The build artifact is a zipped `.app` bundle produced by `mac/Scripts/package-app.sh`. See `RELEASING.md` for how the GitHub Actions workflow uses it.
## GNOME Extension (`gnome/`)
Plain JavaScript, no bundler. Targets GNOME Shell 45-50 (`metadata.json`).
- `extension.js` is the entry point. On `enable()` it constructs a `CodeBurnIndicator` and adds it to the panel.
- `indicator.js` is the popover. It owns the period selector, the insight tabs, and the provider filter.
- `dataClient.js` wraps `Gio.Subprocess` to call the CLI. It validates argv against the same allowlist pattern as the macOS client and augments PATH with `~/.local/bin`, `~/.npm-global/bin`, `~/.volta/bin`, `~/.bun/bin`, `~/.cargo/bin`, `~/.asdf/shims`, and a few others. Results are cached for 300 seconds.
- `prefs.js` is the settings dialog backed by `schemas/org.gnome.shell.extensions.codeburn.gschema.xml`.

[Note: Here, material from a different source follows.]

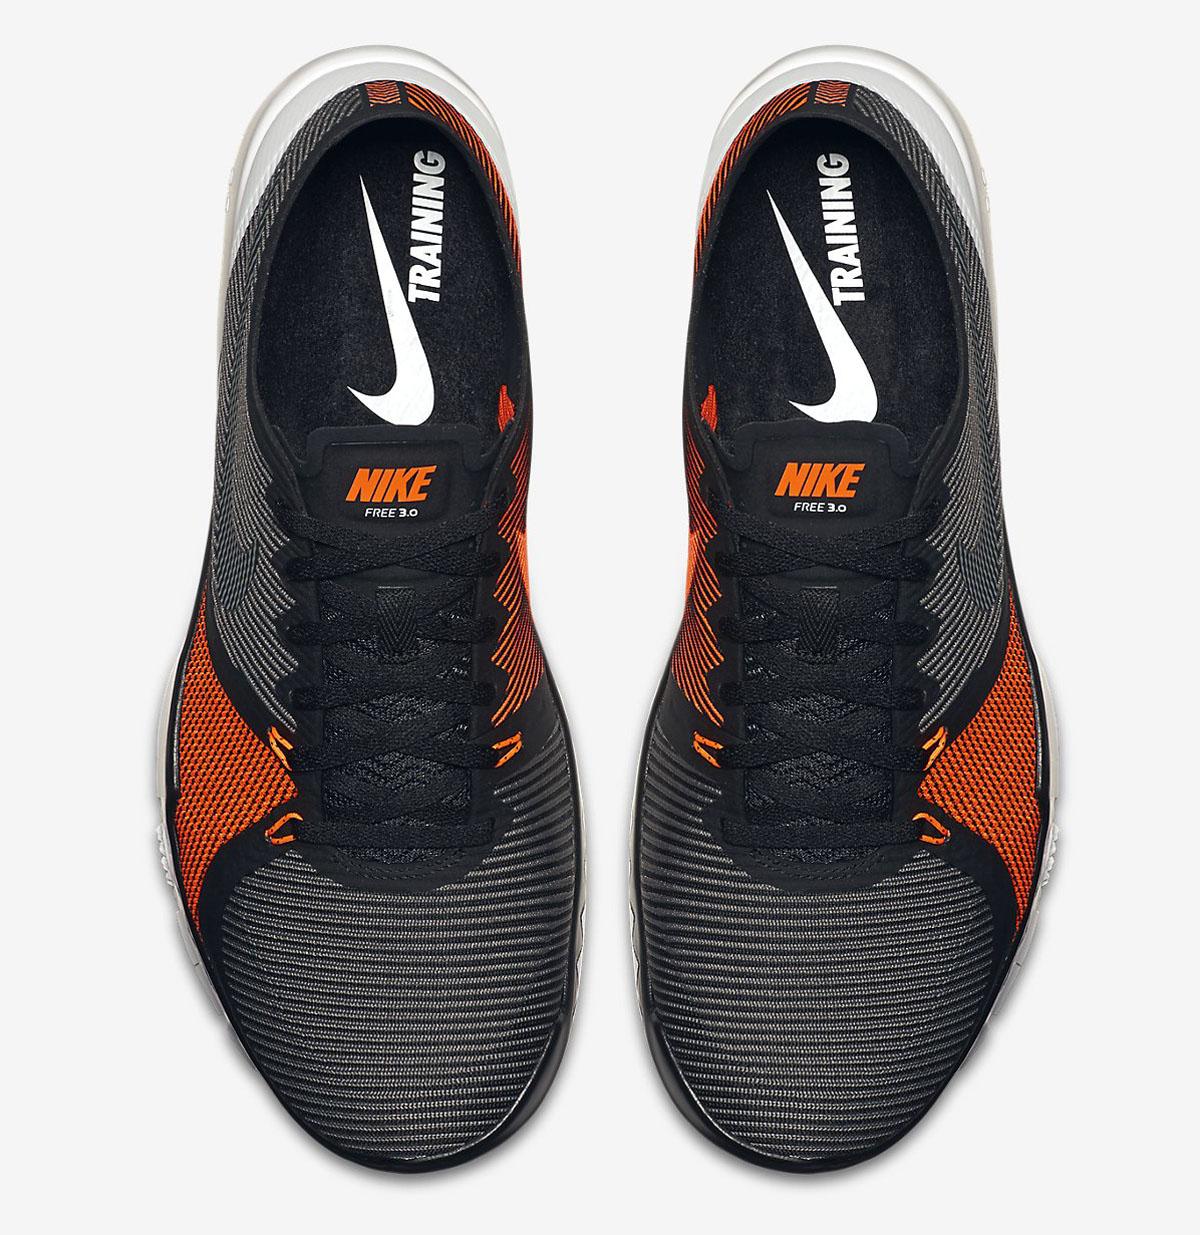 716be2126d6e ... canada nike free trainer 3.0 v4 black tumbled grey total orange e88cd  6901c

- `install.sh` copies the extension into `~/.local/share/gnome-shell/extensions/`.
## Build (`scripts/`, `tsup.config.ts`)
`npm run build` is two steps:
1. `node scripts/bundle-litellm.mjs` fetches the latest litellm pricing JSON and writes `src/data/litellm-snapshot.json`. The bundle script keeps a manual override for MiniMax variants. Direct (un-prefixed) entries win over prefixed ones. The result is checked in so the build is reproducible.
2. `tsup` reads `tsup.config.ts` and emits a single ESM bundle at `dist/cli.js` with a Node shebang banner. No source maps in publish builds; sourcemaps on for development.
The `prepublishOnly` hook in `package.json` runs `npm run build` so `npm publish` always ships fresh code.
## Tests
`npm test` runs vitest. Forty-two test files live under `tests/`:
- `tests/` root (27 files) covers CLI, parser, optimize, cache, format, models, plans.
- `tests/security/` (1 file) covers prototype-pollution guards.
- `tests/providers/` (14 files) covers per-provider parsing.
- `tests/fixtures/` holds redacted real-world session data.
Five providers ship without dedicated test files today: `antigravity`, `claude`, `gemini`, `goose`, `qwen`. Closing this gap is a standing good-first-issue.
CI runs Semgrep against `.semgrep/rules/no-bracket-assign-hot-paths.yml` over `src/providers/` and `src/parser.ts` (`.github/workflows/ci.yml`). It does not run vitest in CI today; tests run locally before publish.